How Does CFD Change the Game?
As auto manufacturers transition to electric vehicles, they must understand how design adjustments will affect the vehicle in real-time. Instead of physically iterating their blueprints, they’d rather work it out in theory. With CFD, engineers can now pre-test critical safety, performance, and longevity features—for example, how aerodynamics will interact with energy efficiency, or how thermal management will operate under a range of parameters. Essentially, CFD simulations speed up the design process and cut down on costly mistakes.
Said Roger Assaker, President of Design & Engineering in Hexagon’s Manufacturing Intelligence division: ‘Simulation holds the key to innovations in aerospace and eMobility. Advances such as the low-power Fugaku supercomputing architecture are one of the ways we can tap into these insights without costing the Earth, and I am delighted by what our Cradle CFD team and our partners have achieved’.
How Did Testing Unfold?
- Prototyped a typical family car. This is only possible with enhanced computing power. The car model consisted of 70 million elements using 960 cores and was simulated until it reached a steady-state using the RANS equation over 1000 cycles.

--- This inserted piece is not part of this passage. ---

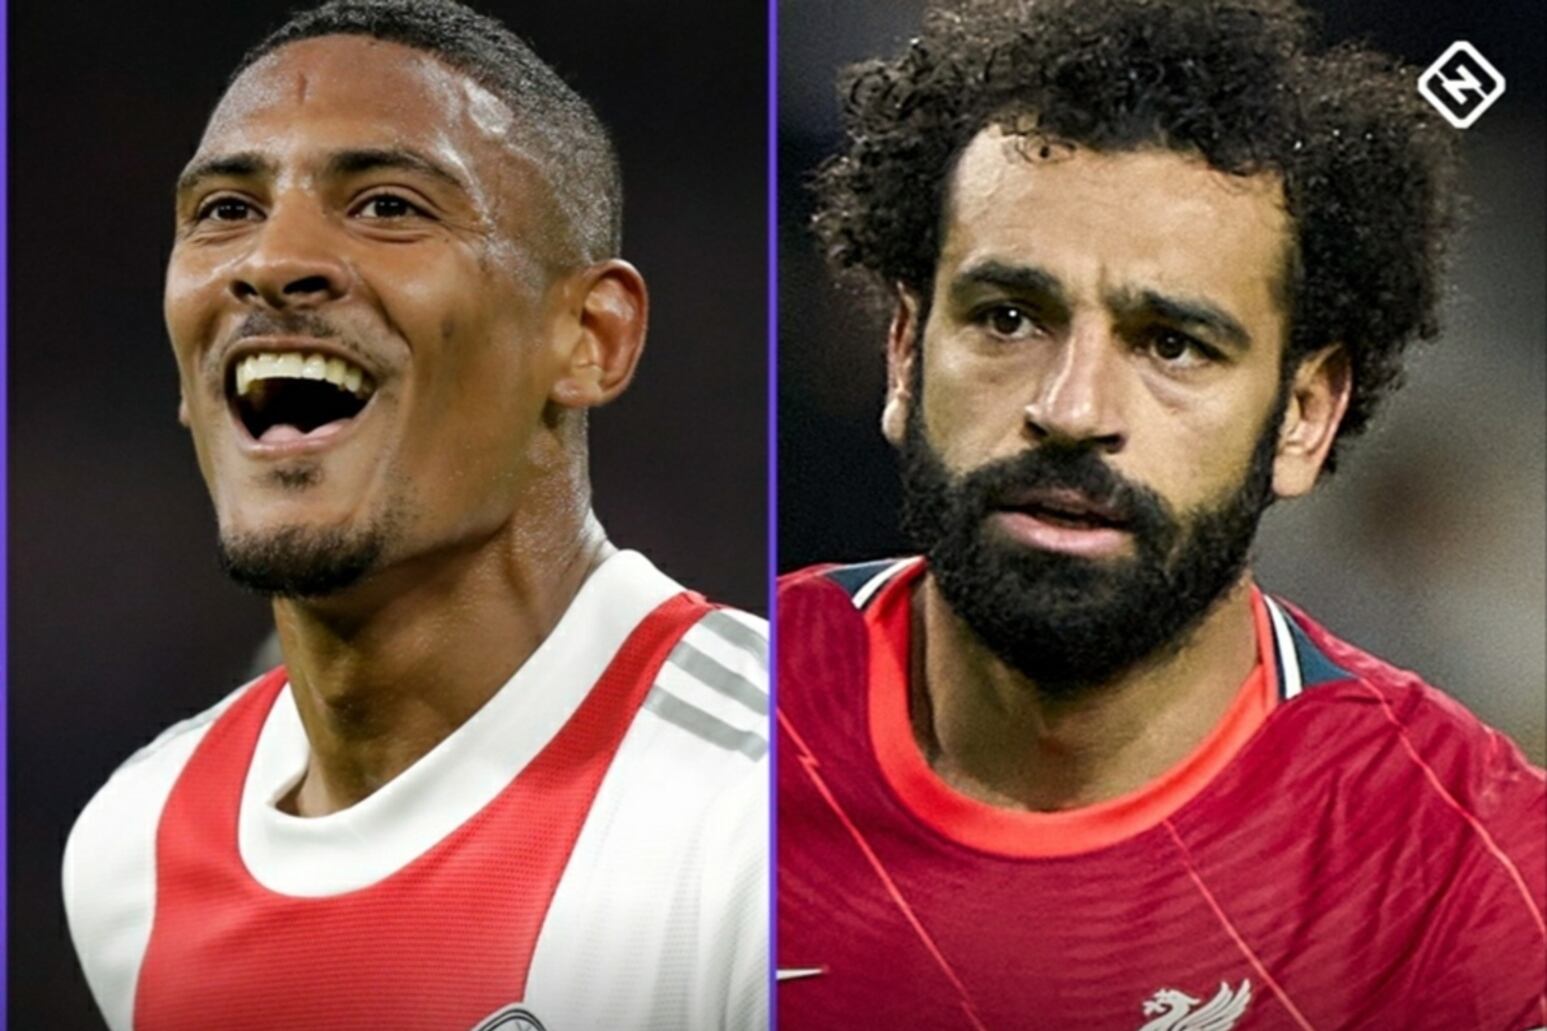 Sebastien Haller vs Mohamed Salah: who is the best African in the Champions League this season?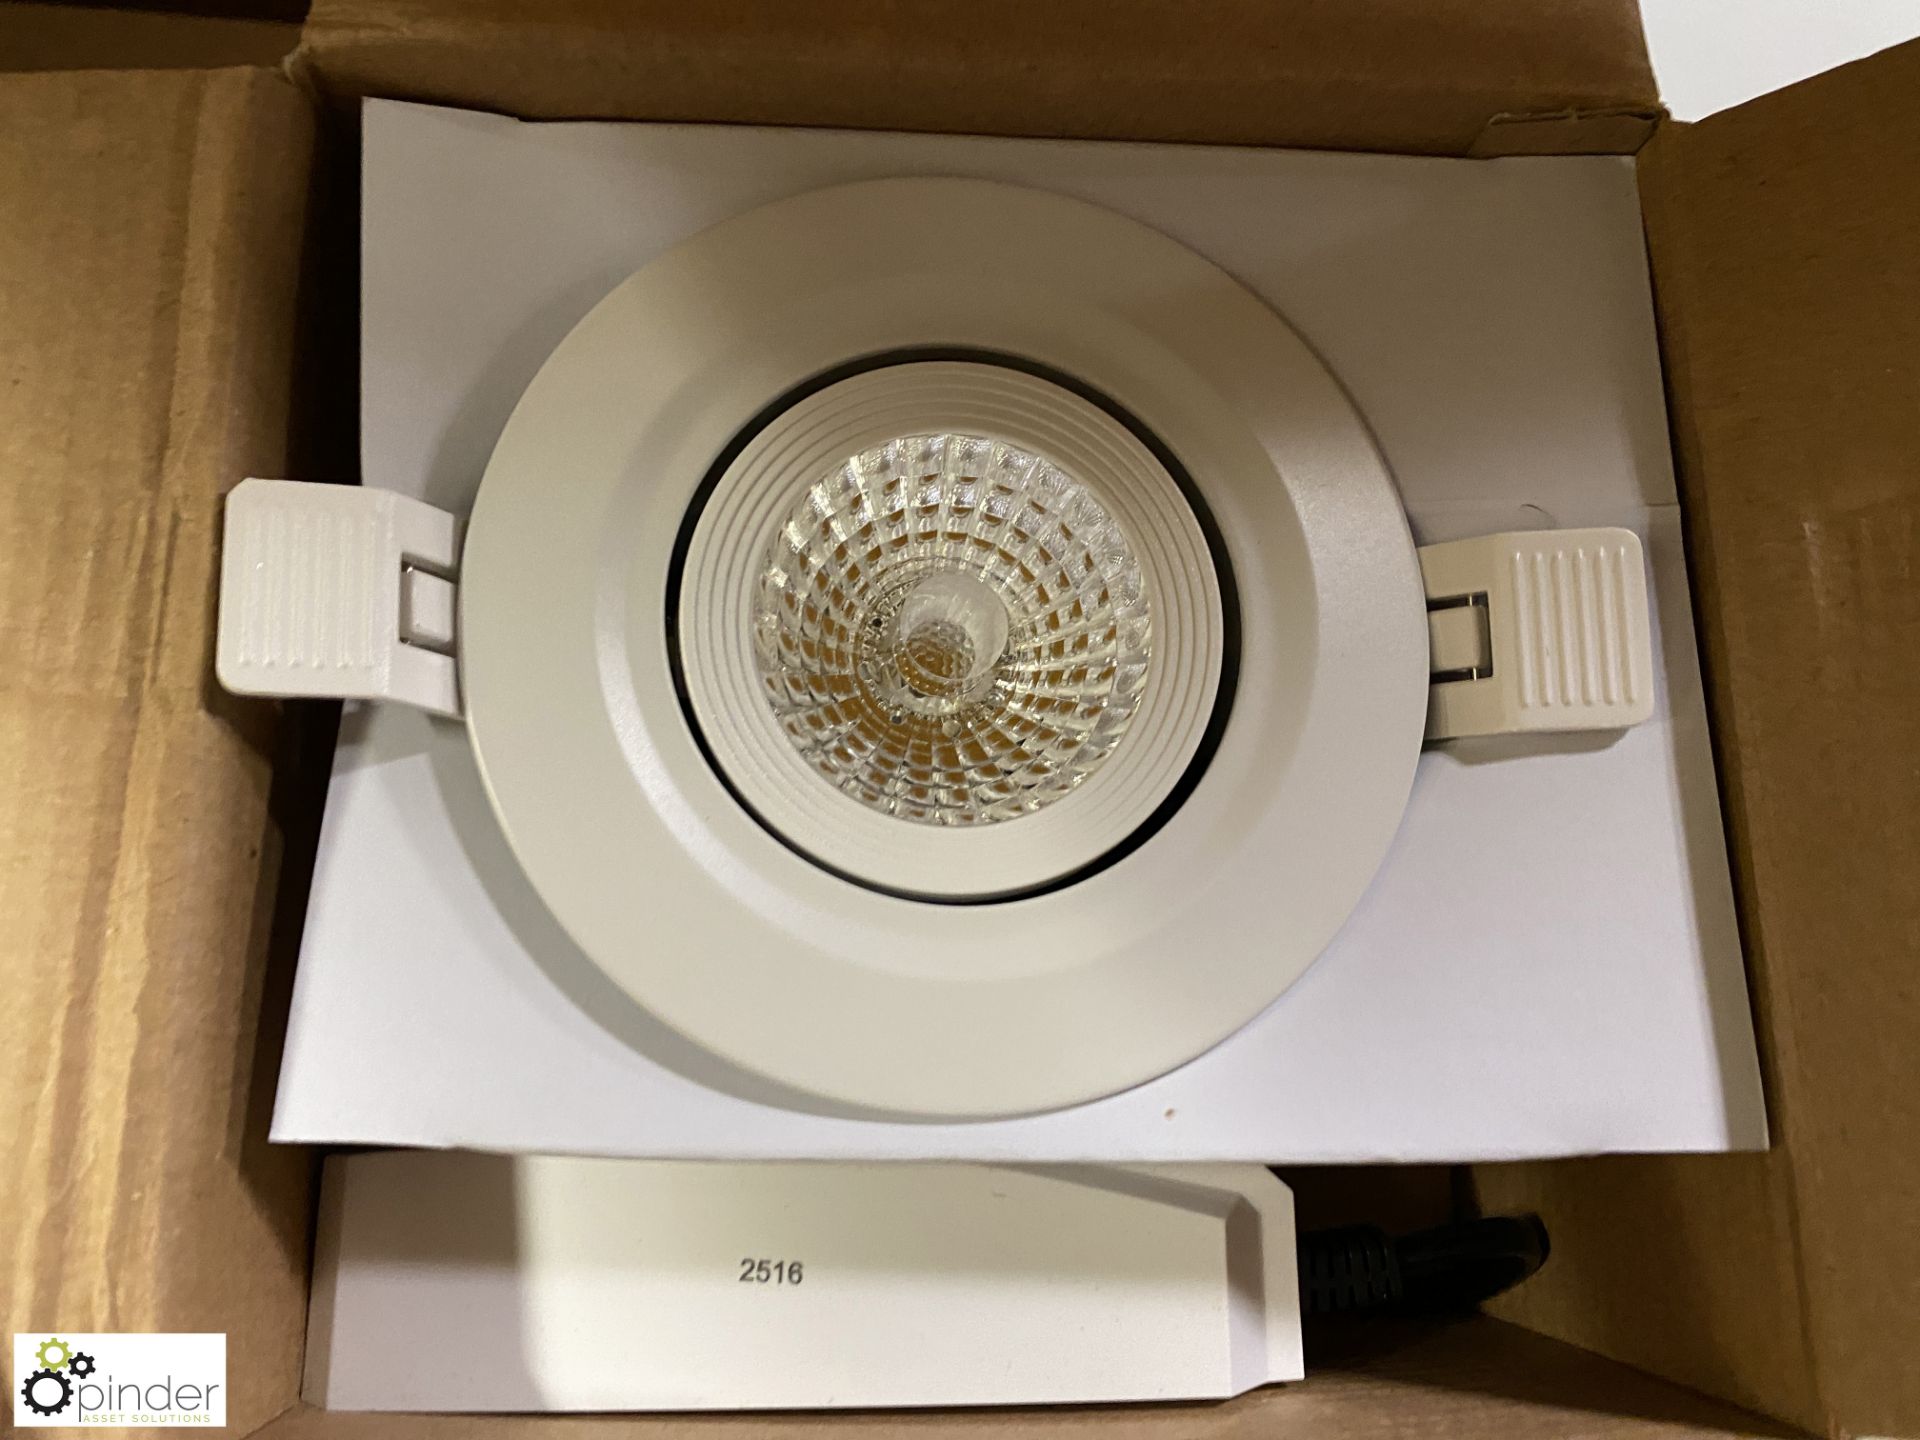 27 12w 1100LM LED Downlighters, product code T7GLB1100EZ

- Simulated transonic compressible fluid around an aeroplane. Made up of approximately 230 million elements, the simulation used 4,000 nodes using 192,000 computing cores and relied on 48,000 processes via Message Passing Interface (MPI).
Tomohiro Irie, Hexagon’s Director of R&D for Cradle CFD, commented on the recent progress: ‘I expect that these technical developments will contribute to making the power of Fugaku more accessible for general use, bringing huge freedom and improved insights to engineering teams solving tomorrow’s problems today’.
Overall, Hexagon intends to continue driving product innovation forward, with smart manufacturing that adapts to conditions in real-time, pursues perfect quality, and optimises designs for zero waste. And there’s little doubt about it. With 20,000 employees in 50 countries, coupled with Fugaku’s supercomputing capabilities, Hexagon is uniquely poised to succeed.